Washington attacked again on New Year’s Day 2021 when the US Senate passed the National Defense Authorization Act, overriding President Trump’s veto. The Act expanded sanctions against Nord Stream 2 to include companies providing services to pipe-laying vessels, and companies carrying out pipeline testing, inspection or certification activities. The Norwegian certification bureau verifying the pipeline’s safety and technical quality quickly announced it would cease activities, as did the pipeline’s insurer Zurich Insurance. This means another delay.

One of President Trump’s last acts the day before leaving office was to expand US sanctions against Nord Stream 2. He targeted the Russian pipe-laying vessel Fortuna, a Russian oil tanker and two Russian companies under the Countering America’s Adversaries Through Sanctions Act of 2017.

The day after President Biden’s inauguration, the European Parliament adopted a non-binding resolution calling for the EU to prevent completion of Nord Stream 2. However, EU foreign affairs chief Josep Borrell maintained, “Because we’re talking about a private project, we can’t hamper the operations of those companies if the German government agrees to it.” Shortly after, Chancellor Merkel made known she wanted priority talks with the new US administration about Nord Stream 2, extraterritorial sanctions, and overall energy relations with Russia.

Biden spoke by phone with Merkel on January 25 and Putin the next day. The White House read-outs make no mention of Nord Stream 2. Immediately after, however, the White House told media Biden believed the pipeline was “a bad deal for Europe.” His administration would review measures imposed by the previous administration, and he would consult with “European partners” on this issue.

A few European countries including Ukraine, Poland and the Baltic states support US policy. Ukraine is the historical route for Russian gas to Europe and wants to retain the fees it receives from Russia for moving gas across its territory. In spite of this, it has a long history of payment difficulties and has been hostile to Russia since 2014. Fed up, Russia has been diversifying its routes to Europe, bypassing Ukraine to the north and south.

The question remains: why is a pipeline in Europe being targeted?

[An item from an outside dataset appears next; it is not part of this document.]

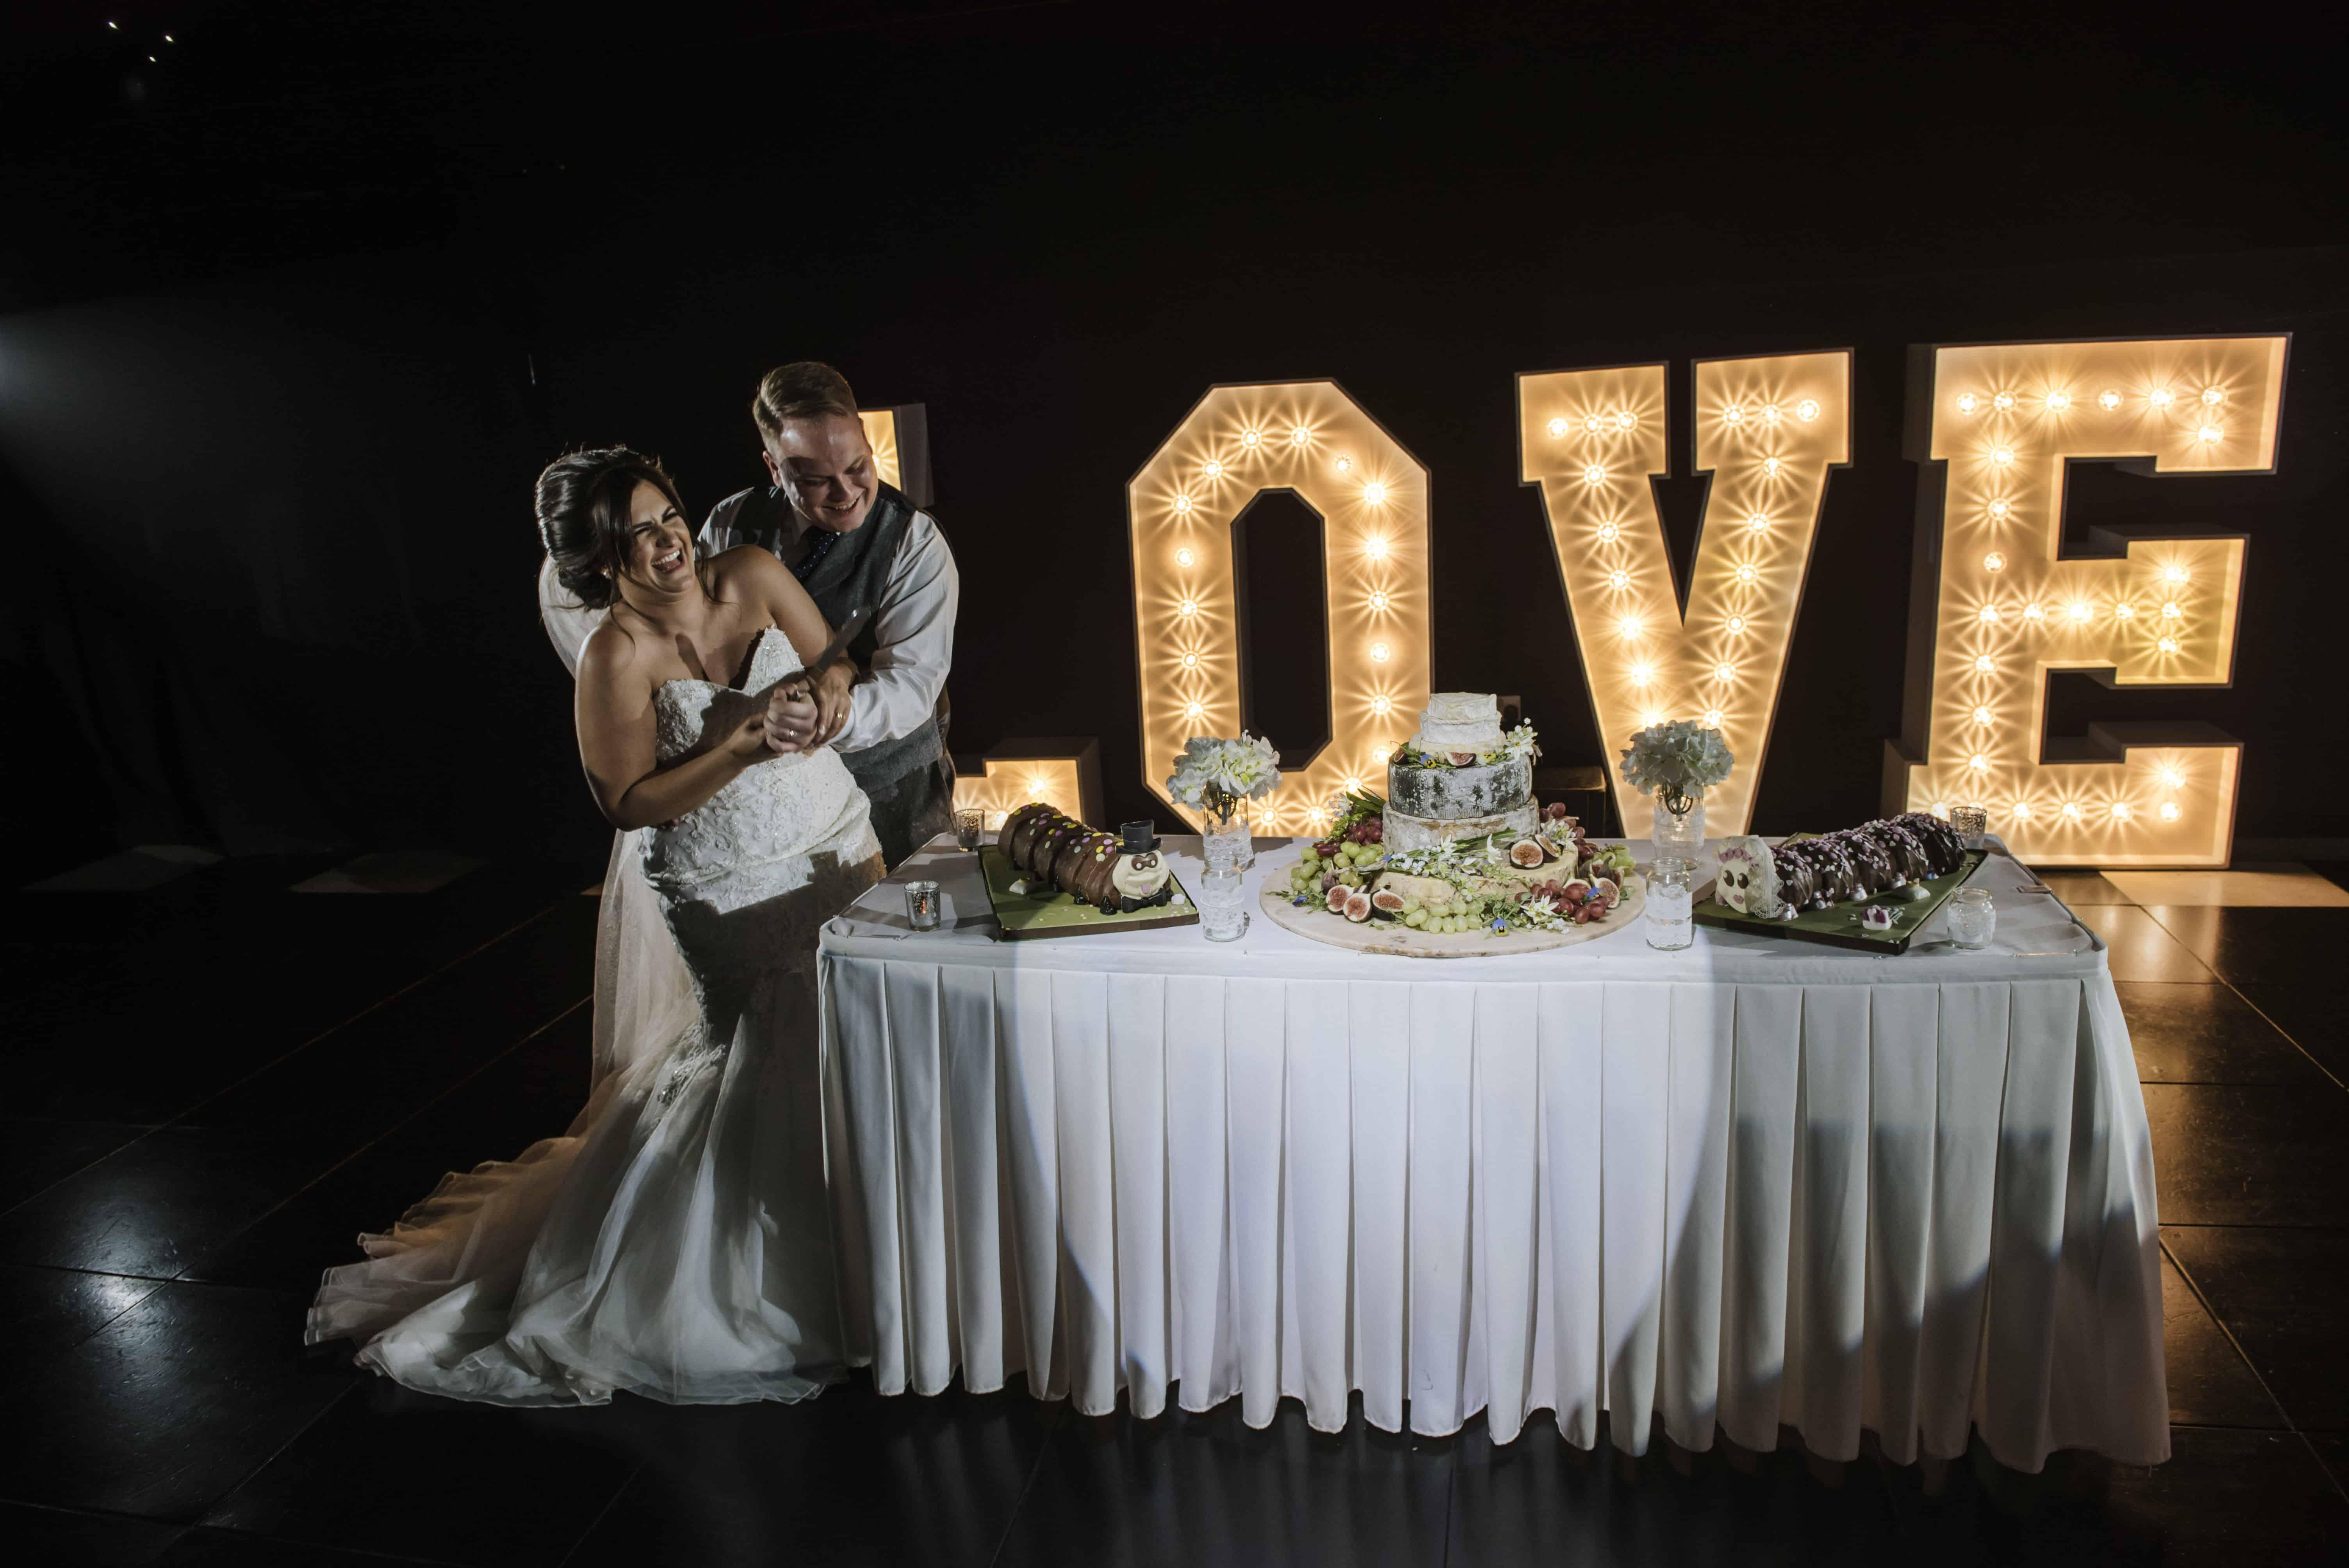 Bride & Groom cutting wedding cake Oldwalls Wedding Photographer

First, the United States wants to sell its own abundant gas (from fracking) to Europe, even though it would be more expensive than Russian gas. It’s about trade and America First.

Second, the US takes a deep interest in oil and gas around the world. Washington has literally hundreds of people monitoring world energy—at the Departments of State, Energy, Commerce, the National Security Council, the Pentagon, and the CIA. No other government matches this scale of coverage. Greater control over Germany’s energy would promote US power over Europe.

Third, Washington views Russia as an adversary. Alleging Russian aggression and malfeasance, the US imposes sanctions and pursues military and economic containment. The European Union has followed suit. NATO has pushed its forces up to Russia’s borders.

Ottawa supports Washington in this economic warfare. In 2018, then Foreign Affairs Minister Chrystia Freeland declared Canada had “significant concerns” about the pipeline. She had discussed these concerns “with many countries,” including Denmark and Ukraine.

Geopolitically, the US seldom gives up on getting its way. Europeans are reacting at last to Washington’s browbeating. Germany is pushing back on Nord Stream 2. In January, the EU signed a huge trade deal with China, against US wishes. These are signals of a weakening deference to US foreign policy directives and a strengthening of Europe’s autonomy.

Meanwhile, Russia is considering an international court challenge against US actions. Perhaps the world is returning to a multi-polar status. More diplomatic skirmishes are likely in coming months.

John Foster is the author of Oil and World Politics: The real story of today’s conflict zones (Lorimer Books, 2018).